* _Task to complete_:
Only one stretch of the data below is needed: the line with "marmoriert, 40 x 58 cm" through the last line. Output it exactly and drop the pictures.

* _Dataset excerpt_:
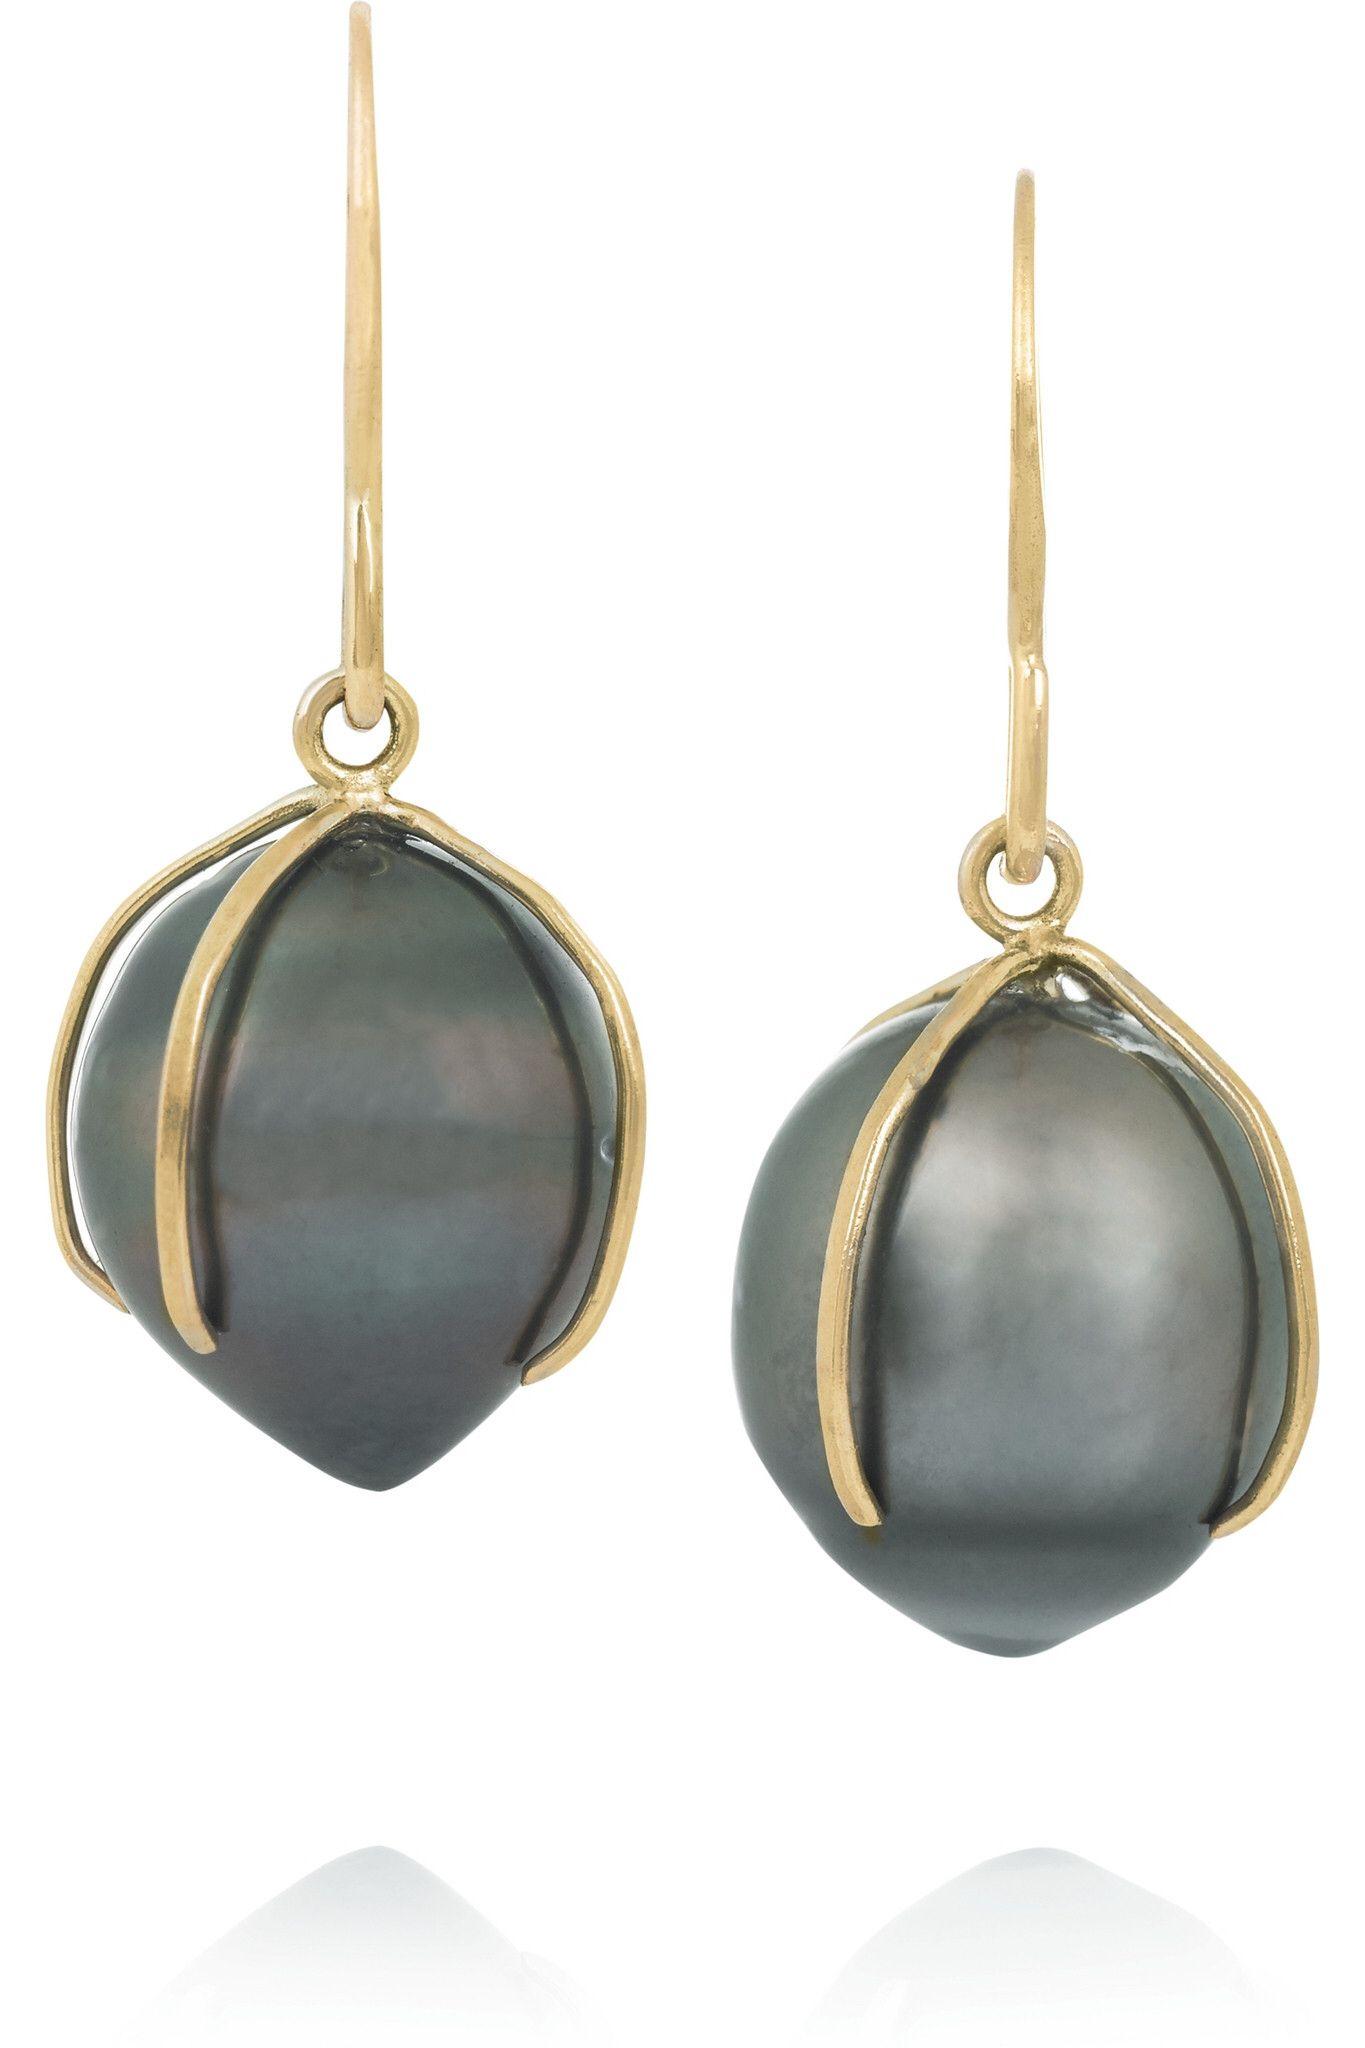 MELISSA JOY MANNING 14-karat gold pearl earrings $515 http://www.net-a-porter.com/products/514543
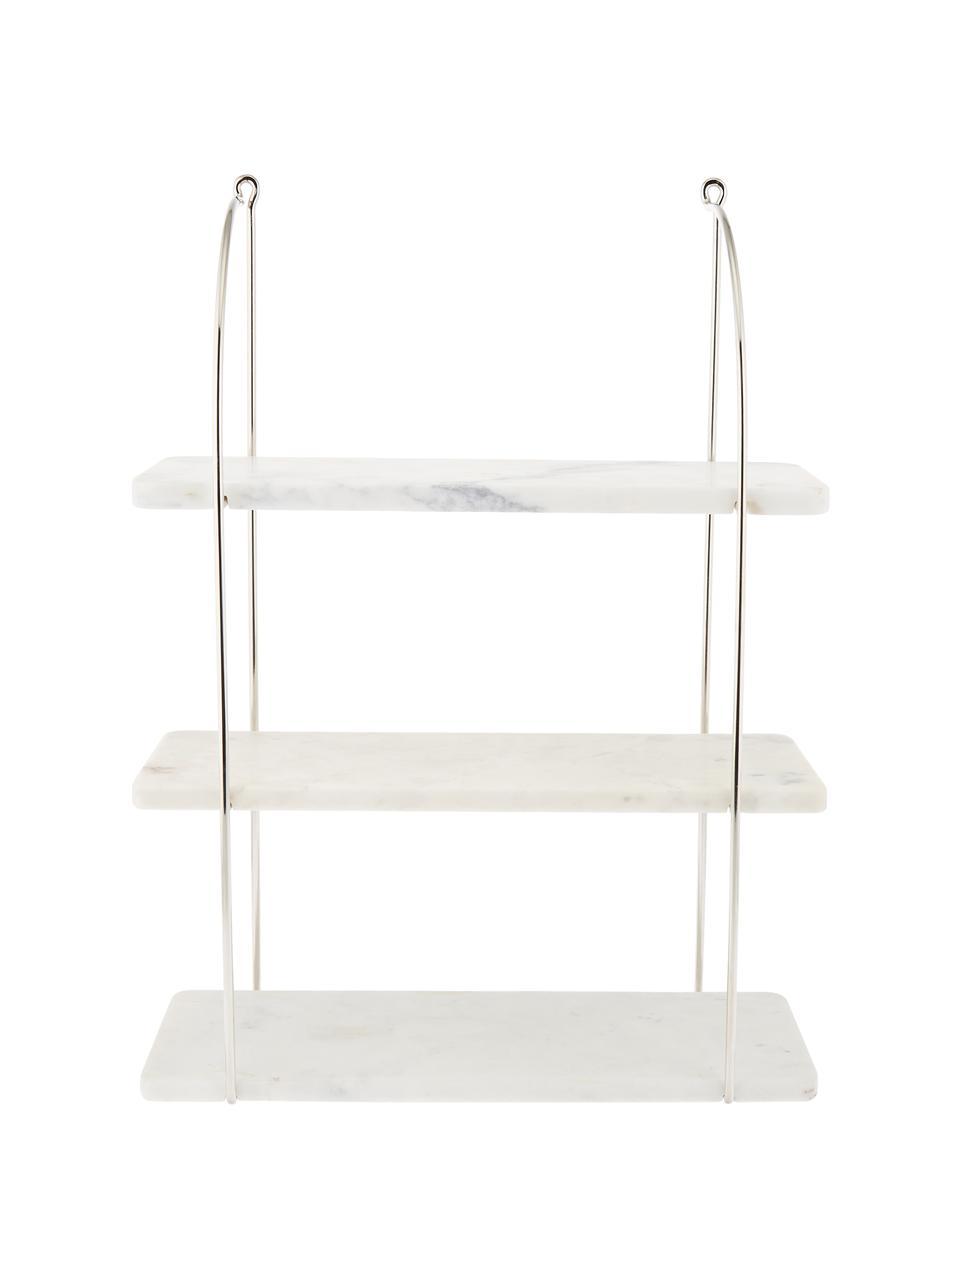 Marmor-Wandregal Porter, Regalbretter: Marmor, Wandhalterung: Edelstahl  Regalbretter: Weiß, marmoriert, 40 x 58 cm
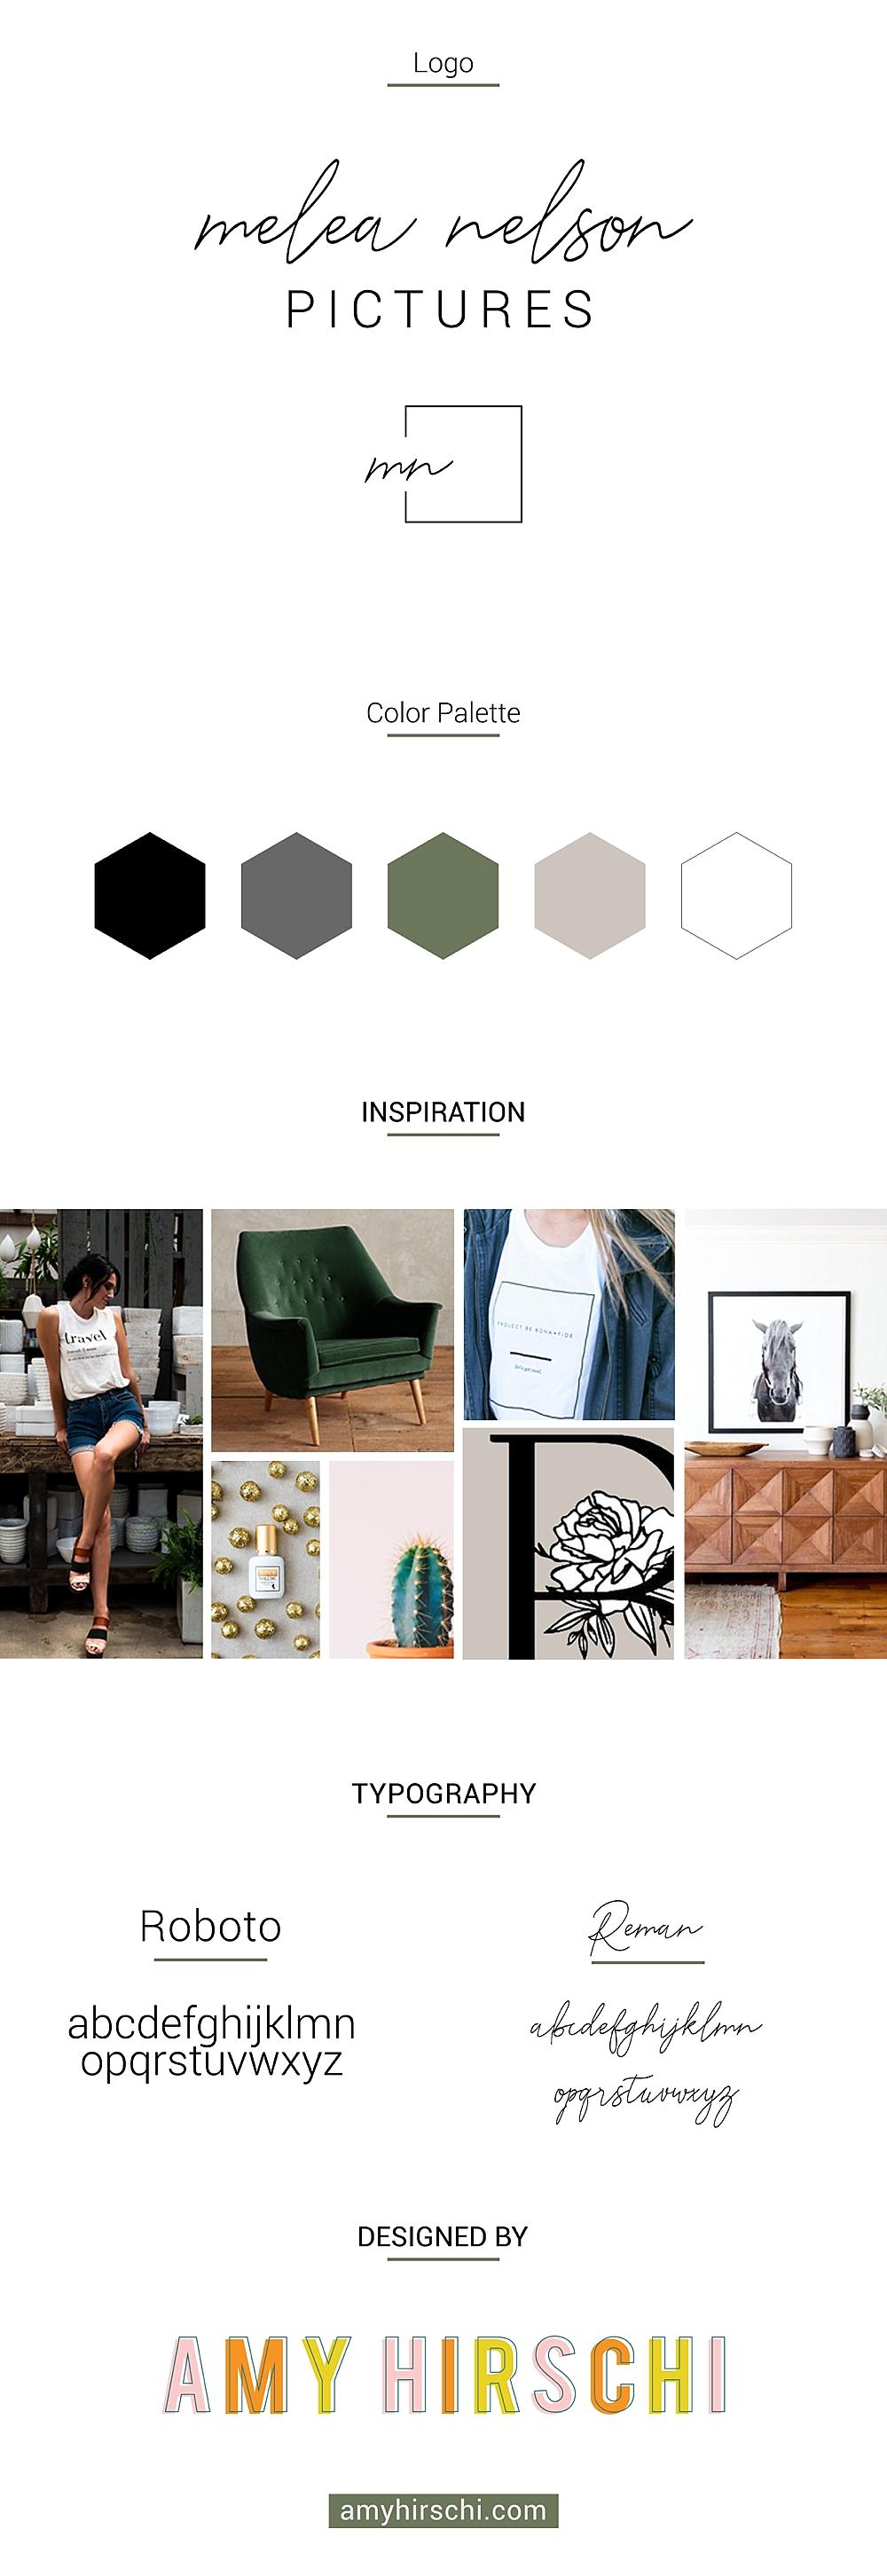 melea_logo2_Amy Hirschi Creative_brand designer_Melea Nelson Pictures_utah photographer_Logo design_photographer branding.jpg

* _Response to this task_:
 Marmor-Wandregal Porter, Regalbretter: Marmor, Wandhalterung: Edelstahl  Regalbretter: Weiß, marmoriert, 40 x 58 cm
 melea_logo2_Amy Hirschi Creative_brand designer_Melea Nelson Pictures_utah photographer_Logo design_photographer branding.jpg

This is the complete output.